Author: Luozhao Cheng
PS: If necessary Python learning materials can be added to a small partner click the link below to obtain their own
http://note.youdao.com/noteshare?id=3054cce4add8a909e784ad934f956cef
Interface data acquisition cat's eye
As a long-term stay home programmers, for a variety of packet capture simply come in handy. View the original code in Chrome mode, you can clearly see the interface, the interface is the address:
http://m.maoyan.com/mmdb/comments/movie/1208282.json?_v_=yes&offset=15
In Python, we can easily request to use the network to transmit request, in turn returns the result to get:
1 def getMoveinfo(url): 2 session = requests.Session() 3 headers = { 4 "User-Agent": "Mozilla/5.0 (iPhone; CPU iPhone OS 11_0 like Mac OS X)" 5 } 6 response = session.get(url, headers=headers) 7 if response.status_code == 200: 8 return response.text 9 return None
According to the above request, we could get to this interface returns data, the data content has a lot of information, but there is a lot of information that we do not need, let's take a look at the overall data returned:
1 { 2 "cmts":[ 3 { 4 "approve":0, 5 "approved":false, 6 "assistAwardInfo":{ 7 "avatar":"", 8 "celebrityId":0, 9 "celebrityName":"", 10 "rank":0, 11 "title":"" 12 }, 13 " authInfo " : "" , 14 " cityName " : " Guiyang " , 15 " Content " : " must be very, must borrow money to see a movie. " , 16 " filmView " : false, . 17 " ID " : 1045570589 , 18 is " isMajor " : to false, . 19 " juryLevel " : 0, 20 "majorType":0, 21 "movieId":1208282, 22 "nick":"nick", 23 "nickName":"nickName", 24 "oppose":0, 25 "pro":false, 26 "reply":0, 27 "score":5, 28 "spoiler":0, 29 "startTime":"2018-11-22 23:52:58", 30 "supportComment":true, 31 "supportLike":true, 32 "sureViewed":1, 33 "tagList":{ 34 "fixed":[ 35 { 36 "id":1, 37 "name":"好评" 38 }, 39 { 40 "id":4, 41 "name":"购票" 42 } 43 ] 44 }, 45 "time":"2018-11-22 23:52", 46 "userId":1871534544, 47 "userLevel":2, 48 "videoDuration":0, 49 "vipInfo":"", 50 "vipType":0 51 } 52 ] 53 } 54
So much data, we are interested in only the following several fields:
nickName
, cityName
, content
, startTime
, score
Next, we compare the importance of data processing, parsing out the JSON data from the field need to get in:
1 def parseInfo(data): 2 data = json.loads(html)['cmts'] 3 for item in data: 4 yield{ 5 'date':item['startTime'], 6 'nickname':item['nickName'], 7 'city':item['cityName'], 8 'rate':item['score'], 9 'conment':item['content'] 10 }
After getting the data, we can begin to analyze the data. However, in order to avoid the cat frequently requested data, the data needs to be stored, where the author using the SQLite3, into the database, the subsequent processing easier. Code stored data is as follows:
1 def saveCommentInfo(moveId, nikename, comment, rate, city, start_time) 2 conn = sqlite3.connect('unknow_name.db') 3 conn.text_factory=str 4 cursor = conn.cursor() 5 ins="insert into comments values (?,?,?,?,?,?)" 6 v = (moveId, nikename, comment, rate, city, start_time) 7 cursor.execute(ins,v) 8 cursor.close() 9 conn.commit() 10 conn.close()
data processing
Because earlier we use the database for data storage, so you can use SQL to directly query the results you want, such as the top five cities have comments which:
SELECT city, count(*) rate_count FROM comments GROUP BY city ORDER BY rate_count DESC LIMIT 5
The results are as follows:
From the above data, we can see that the greatest number of comments from Beijing.
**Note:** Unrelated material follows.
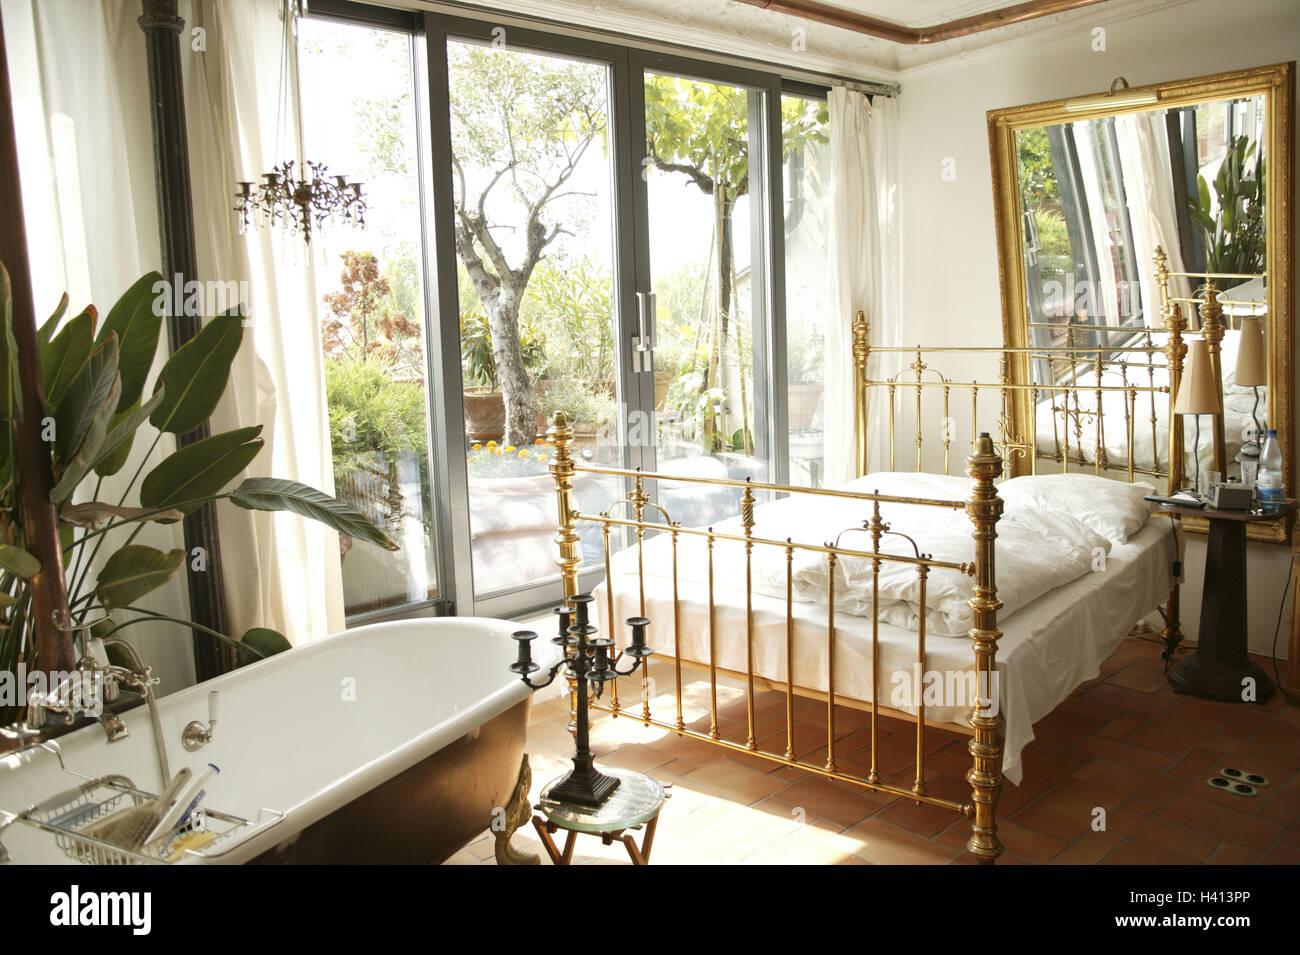 schlafzimmer bett wand reflektor bad terrassent r lebende zimmer messing bett badewanne. Black Bedroom Furniture Sets. Home Design Ideas

Not only that, you can also use more SQL statements to query the desired results. For example, the number of each score, the proportion of share. If I interested, you can try to check what data is so simple.
In order to better display data, we use Pyecharts this library for data visual display.
According to data from the cat's eye to get, according to geographic location, directly Pyecharts to display data on a Chinese map:
1 data = pd.read_csv(f,sep='{',header=None,encoding='utf-8',names=['date','nickname','city','rate','comment']) 2 city = data.groupby(['city']) 3 city_com = city['rate'].agg(['mean','count']) 4 city_com.reset_index(inplace=True) 5 data_map = [(city_com['city'][i],city_com['count'][i]) for i in range(0,city_com.shape[0])] 6 geo = Geo("GEO 地理位置分析",title_pos = "center",width = 1200,height = 800) 7 while True: 8 try: 9 attr,val = geo.cast(data_map) 10 geo.add("",attr,val,visual_range=[0,300],visual_text_color="#fff", 11 symbol_size=10, is_visualmap=True,maptype='china') 12 13 except ValueError as e: 14 e = e.message.split("No coordinate is specified for ")[1] 15 data_map = filter(lambda item: item[0] != e, data_map) 16 else : 17 break 18 geo.render('geo_city_location.html')
Note: Use Pyecharts provide data map, some cat's eye in the city can not find the data from the corresponding standard, so in your code, GEO added wrong city, we will delete filter out a lot of data.
Use Python, is so simple to generate the following map:
As can be seen from the visualization of data in both cinema and comments of people mainly in the eastern China, Youyi Beijing, Shanghai, Chengdu, Shenzhen most. Although the data from the chart out a lot, but still not intuitive, if you want to see the distribution of each province / city, we also need to further process the data.
In the cat's eye to get from the data, the data contained in the city with county data, so you need to get the data to do a conversion, to convert all of the county go to the corresponding provinces, and then the same provinces the number of comments added to obtain the final result.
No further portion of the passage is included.